Спасибо одиночеству (сборник) - страница 24



Антифик, дрожа всем телом, сел на кровати. Прыщеватые скулы покраснели от непроизвольной, постыдной неожиданности: белые плавки отсырели в промежности – на постели распустилось желтоватое пятно.

Полынцев показал эффектно-красочный пакетик, продающийся под видом курительных смесей или невинных благовоний.

– Где ты берёшь такую дрянь? Только не ври! Глядя на мокрые ноги, подросток пролепетал:

– Это отец… Я у него…

Изумлённый Полынцев машинально посмотрел в сторону прихожей.

– У него? Он что – употребляет?

Подросток заупрямился. Молчал, зверовато зыркая из-под бровей. Пришлось ненадолго перекрыть кислород.

– У него оптовая продажа… – Антифик, задыхаясь, раскололся и тут же заканючил: – Только вы ему не говорите, а то убьёт…

– Час от часу не легче, – пробормотал Полынцев, брезгливо отряхивая руки. – А где у него эти… Склады, погреба или что там такое?

– За городом. Как на дачу едешь, там… – Подросток неожиданно замолк, блестящими глазами глядя в сторону двери.

Полынцев повернулся и обомлел.

Многопудовый боров, убито лежавший в прихожей, благополучно воскрес. Окровавленный, всклокоченный и потный Вурдала Демонович стоял, покачиваясь, на пороге в детскую комнату. Глаза его горели – сухими сумасшедшими алмазами. А в руке – волосатой, трясущейся – мерцал небольшой пистолет.

Жутко улыбаясь, Вурдала Демонович – медленно, будто во сне – облизнул оружие, испачканное кровью. Сумасшедшее, алмазно горящее око – тоже медленно, сонно – подмигнуло Полынцеву, который отступил подальше от оружия и оказался в бетонном углу. Волосатая рука – опять же довольно-таки медленно, сонливо – передёрнула затвор. Окровавленный палец мягко нажал на курок, но выстрела Полынцев не услышал – не успел.

Его разбудили.

Глава 18

Море шумело вокруг, шебуршало – поначалу так показалось. До слуха докатился отдалённый гул вокзала, напоминающий гудение прибоя; нестройные людские голоса шумели, словно под берегом шумела-перекатывалась галька. А за стенкой где-то рявкнул тепловоз, пронзительным криком своим ничуть не отличаясь от теплохода.

Затем кто-то настойчиво, властно потрепал по плечу. – Проснитесь, гражданин!

Степенный, строгий милиционер, приподнимая руку к тёмно-серебристому виску, представился и потребовал документы у гражданина, спавшего на деревянной вокзальной лавке.

Документы оказались в порядке, а вот глаза гражданина вызывали смутную тревогу и подозрение – заполошно рыскали, старясь не натыкаться на глаза старшины. Ещё раз внимательно пролистав документы, милиционер машинально взял под козырёк и попрощался, пожелав удачи.

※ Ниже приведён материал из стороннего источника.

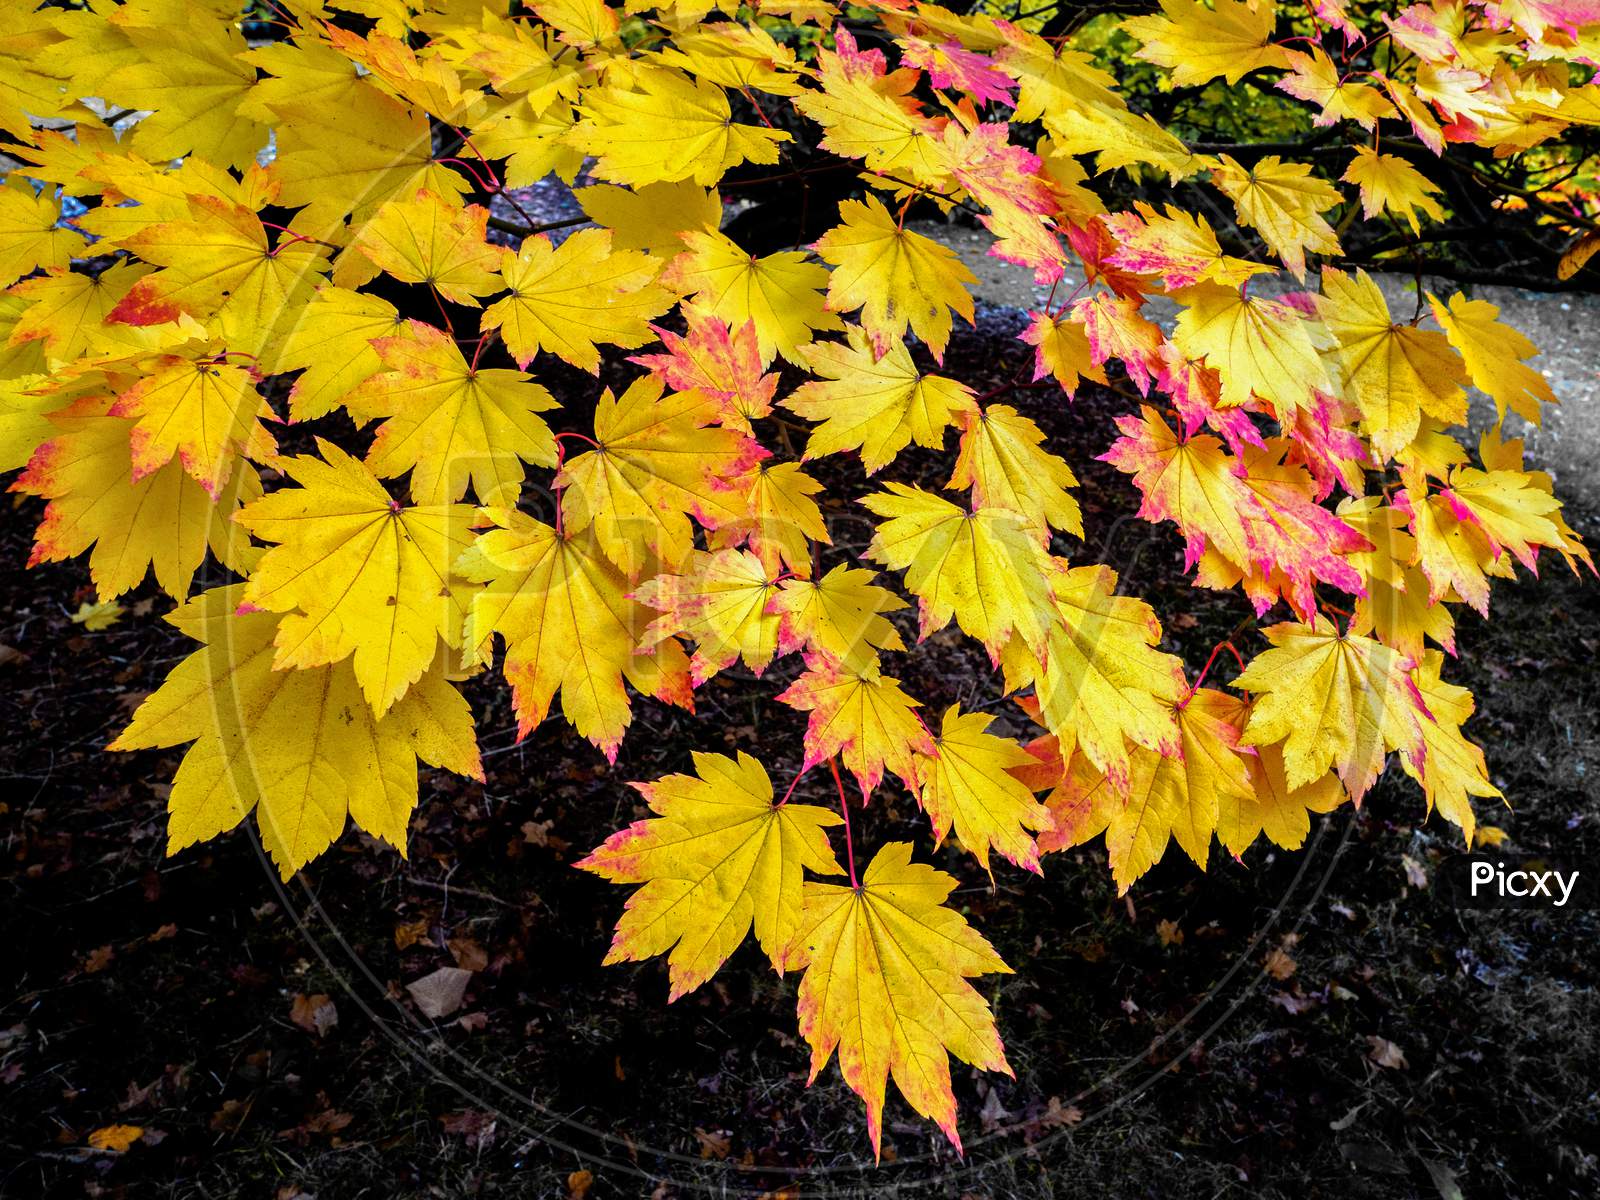 Acer Soccharinum Tree In Autumn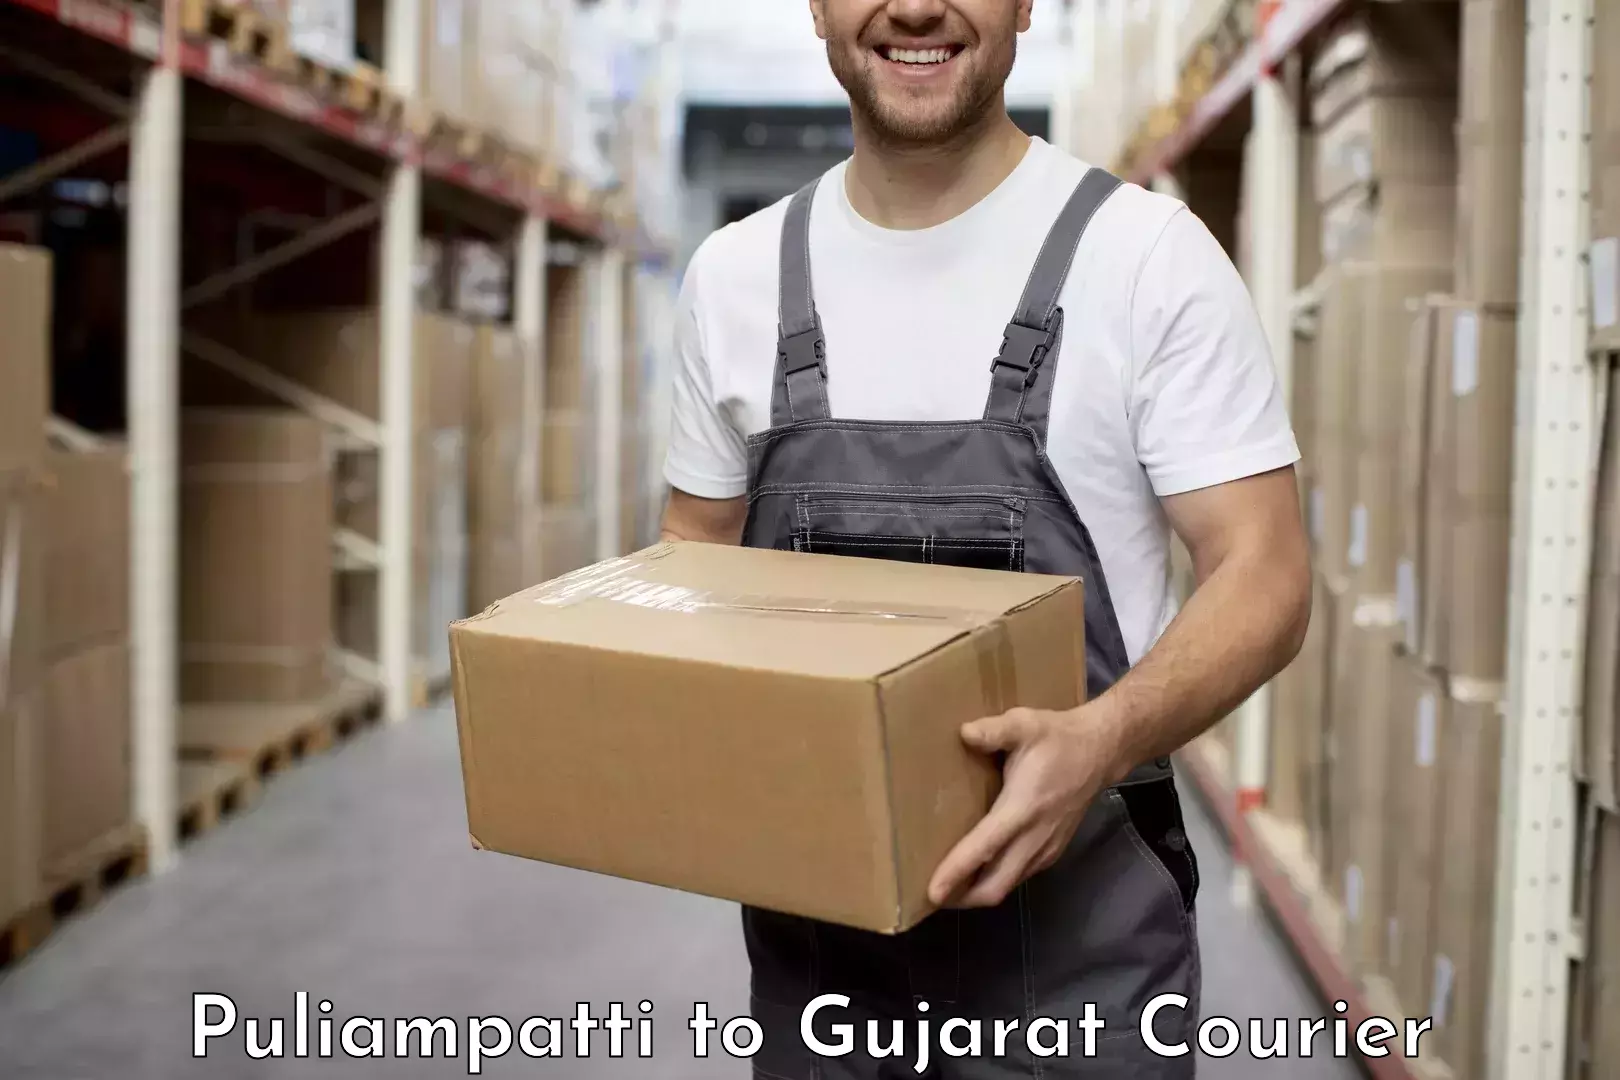 Customer-focused courier Puliampatti to Unjha

«Лучше б ты меня арестовал!» – неожиданно подумал Полынцев, всё ещё находясь во власти прерванного жуткого сна.

Выйдя на улицу, он закурил, прочищая мозги дешевеньким каким-то горлодёром. Кошмарный сон, так вовремя оборванный милиционером, будто продолжал красной пеленою застилать глаза. Полынцев раза три подряд крепко зажмурился и только потом сообразил: перед ним висел малиновый плакат, рекламирующий очередную какую-то хренотень, без которой человек не может быть счастливым. Отвернувшись от плаката, он потоптался возле телефонной будки, потрескивая желто-червонным листарём – клёны облетали по-соседству.

С трудом припоминая нужный номер, Фёдор Поликарлович дозвонился до бывшей своей, сказал, что он здесь, в Петербурге. Звонок его не вызвал никаких эмоций на том конце провода. Вера Васильевна, его бывшая, говорила ровно, бесцветно, тихо. Полынцев еле-еле уловил суть разговора: бывшая как раз в эти минуты с сыном собиралась ехать на могилу дочери и они договорились встретиться возле метро, чтобы оттуда отправиться вместе.